But that approach misses all of the magic.
After the serendipitous encounter at Bell Labs, itself a study worthy of the excellent 422-page The Idea Factory, solar cells struggled to find a market. They were just too expensive, even for the Coast Guard and Forest Service. Chapin calculated that it would cost $1.5 million to power the average home with solar PV cells.
But in 1957, the Soviets launched Sputnik (powered by heavy, short-lived batteries). The Space Race was on. By March of the next year, the US launched the first solar powered satellite, Vanguard I.
Over the next 15 years, the US and USSR launched over 1,000 satellites, more than 95% of which were powered by solar PV cells, which were much lighter than batteries and provided energy nearly as long as the sun shone. As late as 1974, satellites made up 94% of the solar PV market. The cost fell 300% to $100 per watt on the back of satellite demand.
Without perfectly-timed demand from satellites, solar PV might have been DOA. I trust I don’t need to remind you to consider all of the work, research, and materials that went into getting satellites to space in the first place as an input into solar’s progress.

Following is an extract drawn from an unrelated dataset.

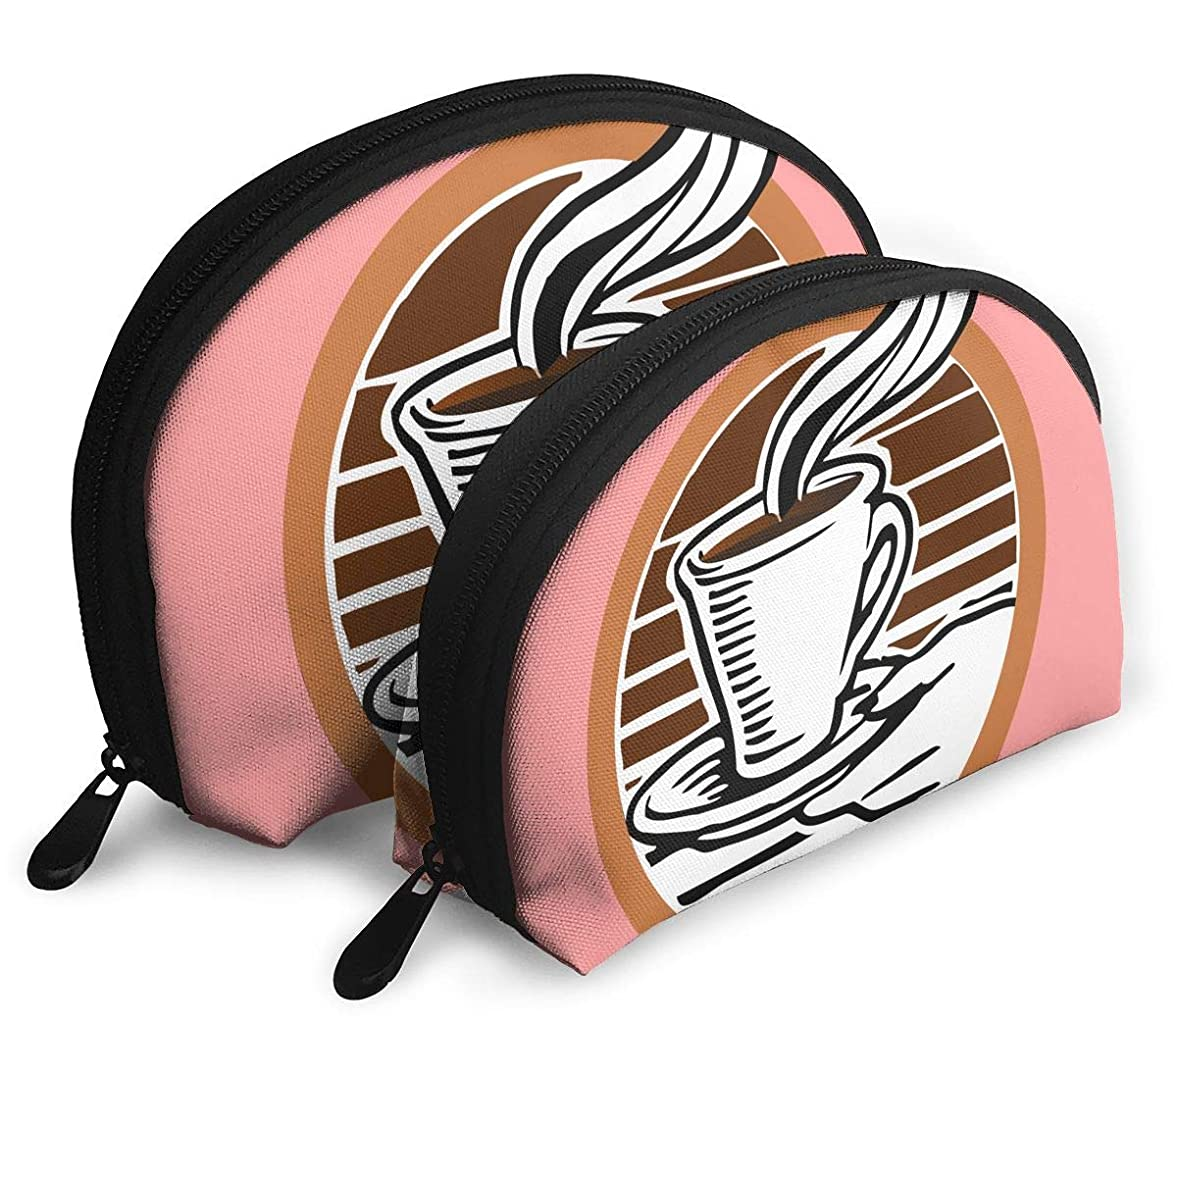 うるさいはぁにはまってDickey Bowen コーヒー シェルポーチ クラッチポーチ 収納ケース 化粧ポーチ トラベルポーチ メイクポーチ コスメポーチ コインバッグ バッグ ポータブルバッグ 財布 二つ ストレージ 小物入れ 収納 多機能 印刷 可愛い 女性

But even at $100 per watt, solar wasn’t competitive with other electricity sources for terrestrial use cases, but an entrepreneur – Elliot Berman – launched a company to change that. When his Solar Power Corporation failed to raise from venture capitalists, it found an unlikely backer in Exxon. Solar Power Corporation cut costs by “using waste silicon wafers from the computer industry” and using the full wafer instead of cutting off their rounded edges. They made trade-offs – “a less efficient, less reliable, but much cheaper solar PV cell” – and by 1973, they were able to “produce solar PV electricity for $10 per watt, and sell it for $20.”
I’m getting carried away in the details, I know. This stuff fascinates me. But the show must go on, so I highly suggest you read Potter’s posts (Part I & Part II) for the full story.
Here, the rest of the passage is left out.